(Ottawa) Le commandant en second de l’armée, le lieutenant général Paul Wynnyk, démissionne.

Lee Berthiaume
La Presse canadienne

Cette décision, qui entrera en vigueur le 9 août, intervient quelques semaines à peine après que le gouvernement fédéral eut accepté un règlement avec le prédécesseur de M. Wynnyk, le vice-amiral Mark Norman.

À ce moment, il était attendu que M. Wynnyk resterait vice-chef d’état-major de la Défense des Forces armées canadiennes (FAC) dans un avenir prévisible.

Le départ de M. Wynnyk représente une nouvelle tuile pour les Forces canadiennes après la suspension de M. Norman en janvier 2017.

PHOTO SEAN KILPATRICK, ARCHIVES LA PRESSE CANADIENNE

Le vice-amiral Mark Norman.

Le ministère de la Défense a publié une déclaration annonçant la démission de M. Wynnyk mardi soir, près d’un an après que l’ancien commandant de l’armée eut pris les fonctions de vice-chef d’état-major de la défense.
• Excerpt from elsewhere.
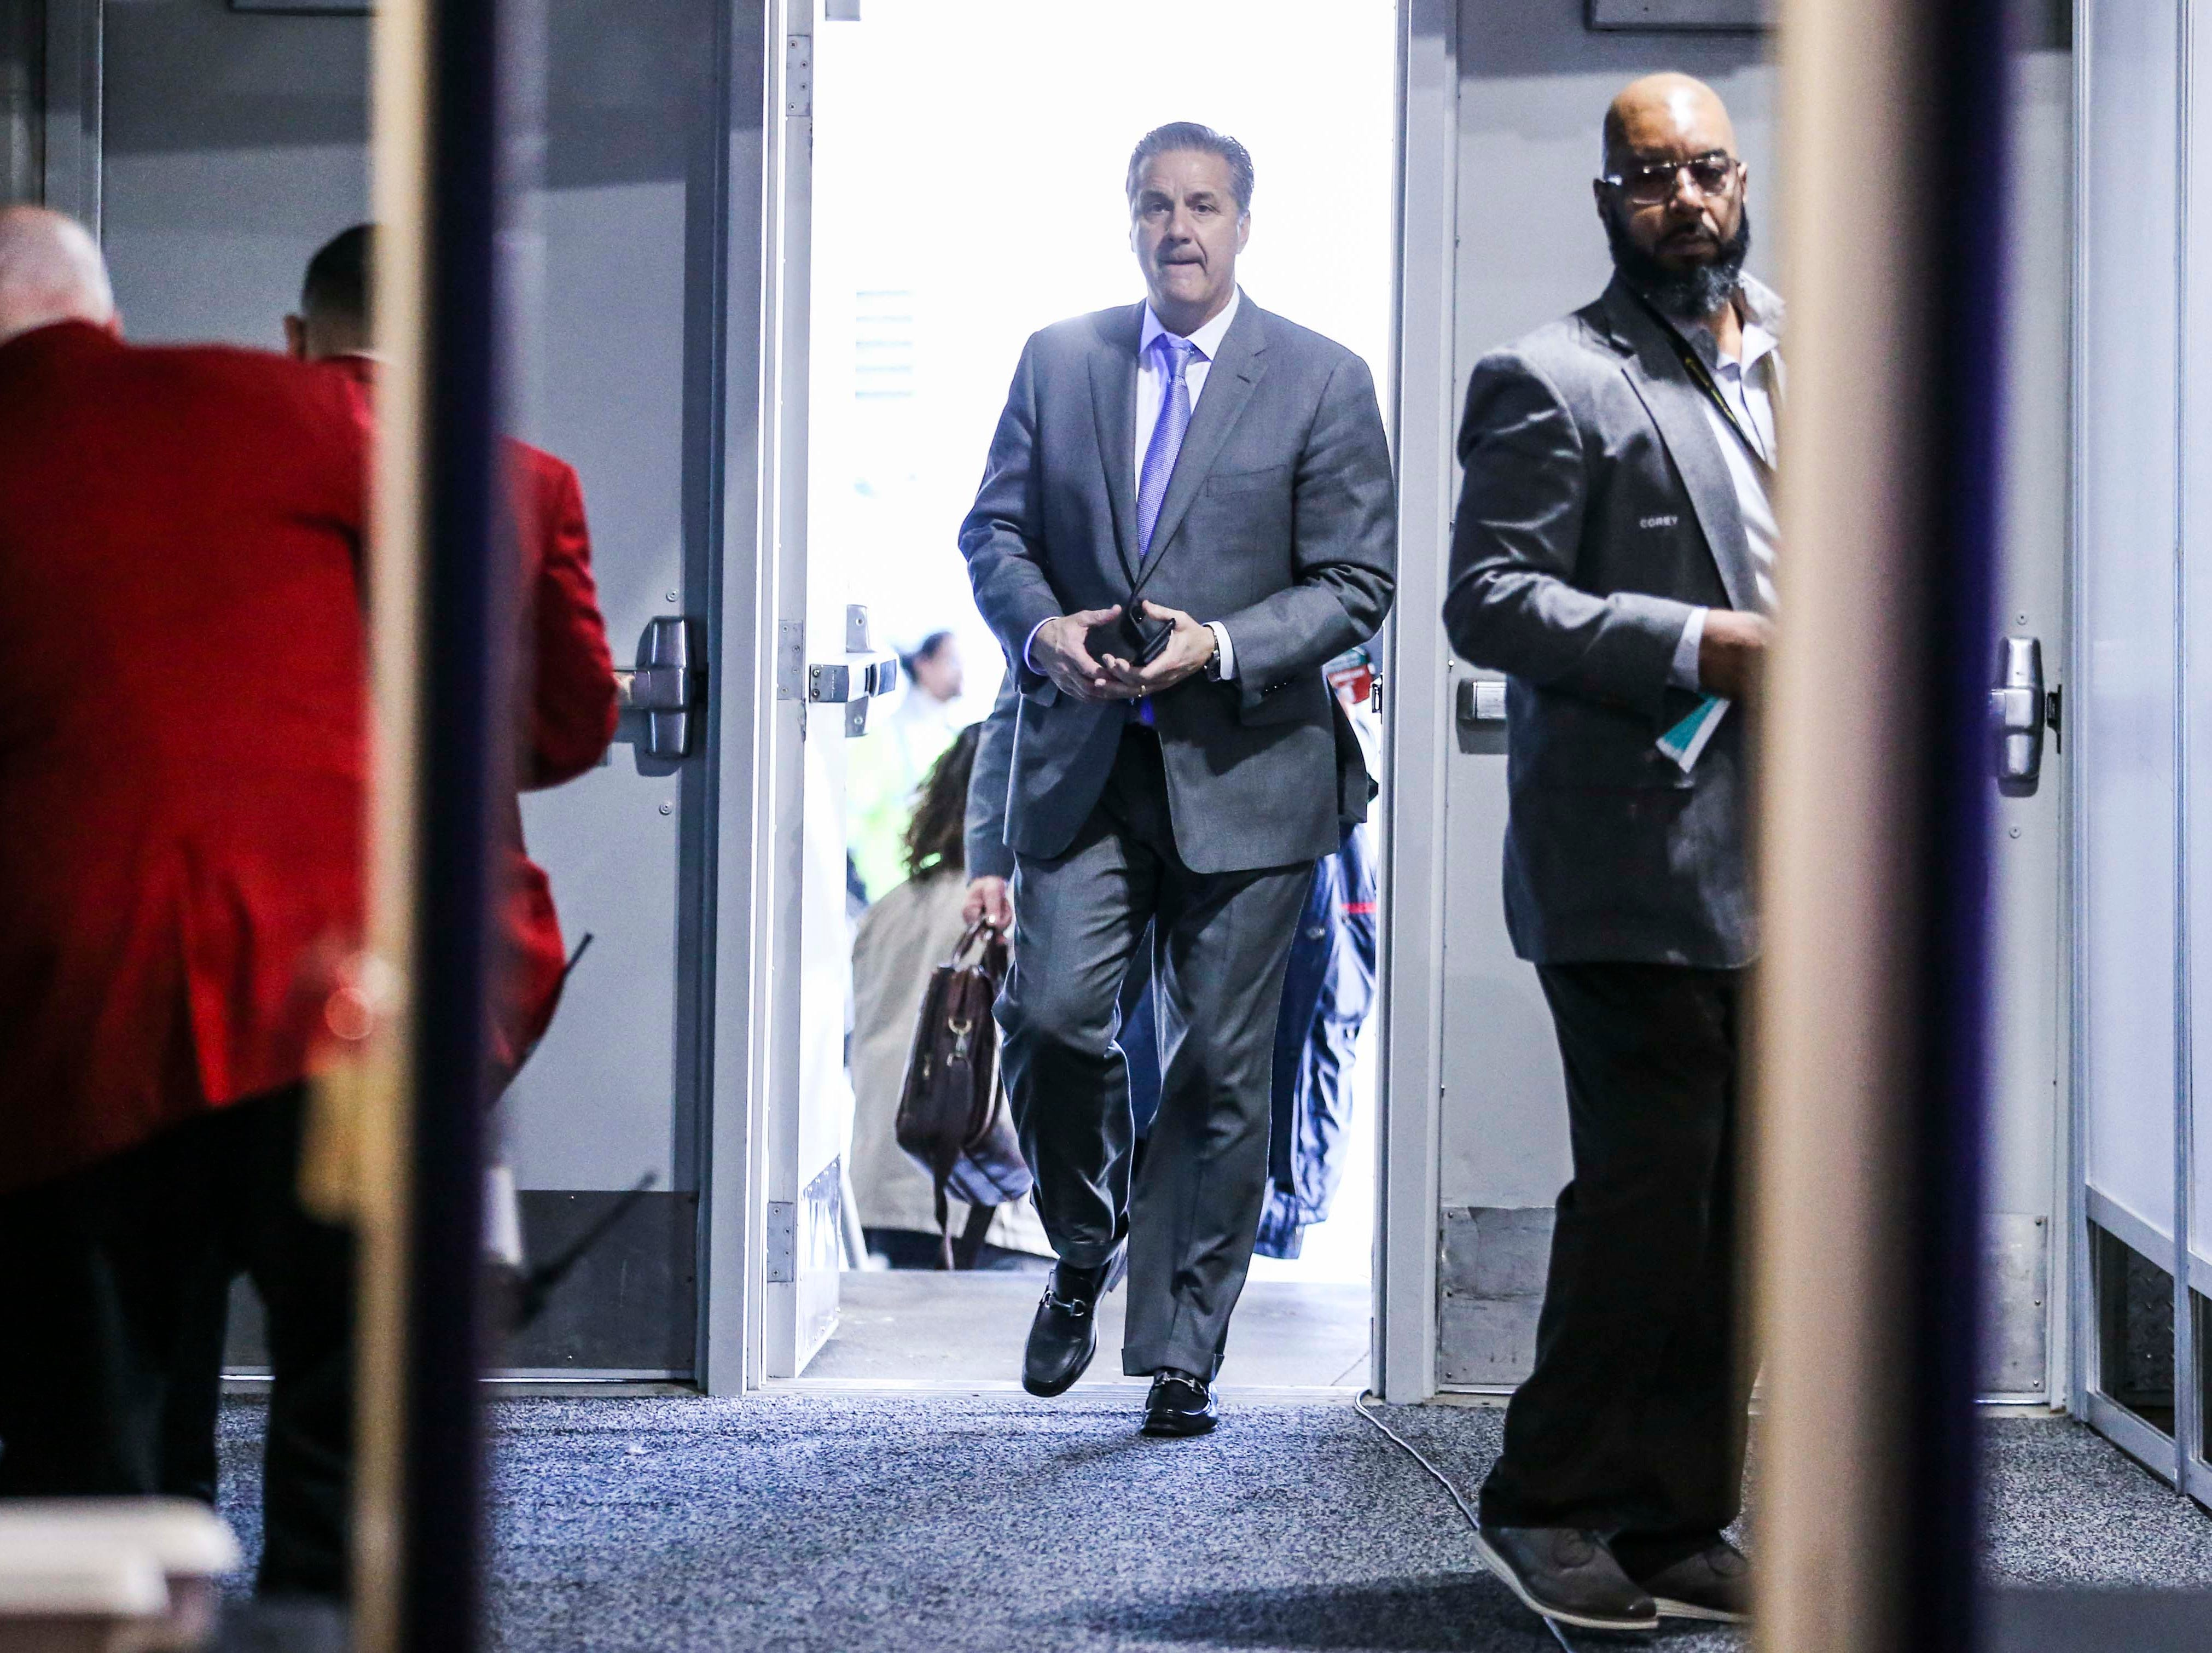 Kentucky coach John Calipari arrives at the Sprint Center in Kansas City. March 31, 2019

Un remplaçant n’a pas été nommé.

Dans le communiqué, M. Wynnyk est cité affirmant avoir réfléchi à cette décision depuis quelques mois, et avoir déterminé avec sa conjointe qu’il était temps de passer plus de temps en famille. M. Wynnyk a maintenu un domicile permanent à Edmonton.

« J’aimerais remercier le chef d’état-major de la défense, le général (Jonathan) Vance, pour la confiance qu’il m’a témoignée en me nommant vice-chef et pour sa direction des FAC au cours de cette récente période difficile », affirme-t-il.

Pourtant, tandis que M. Wynnyk évoque des raisons familiales dans le communiqué, une lettre obtenue par Global News qui aurait été envoyée au general Vance par le vice-chef d’état-major sortant de la Défense laisse croire à des motifs bien différents.

Dans cette lettre, M. Wynnyk relierait sa démission à une tentative du général Vance de réintégrer M. Norman.

M. Wynnyk écrit que le général Vance lui avait demandé de se retirer peu de temps après l’abandon de l’affaire d’abus de confiance contre M. Norman en mai. Il aurait changé de cap à la suite de l’entente à l’amiable conclue par le gouvernement avec M. Norman.

M. Wynnyk affirme qu’il a refusé lorsque M. Vance lui a demandé de rester.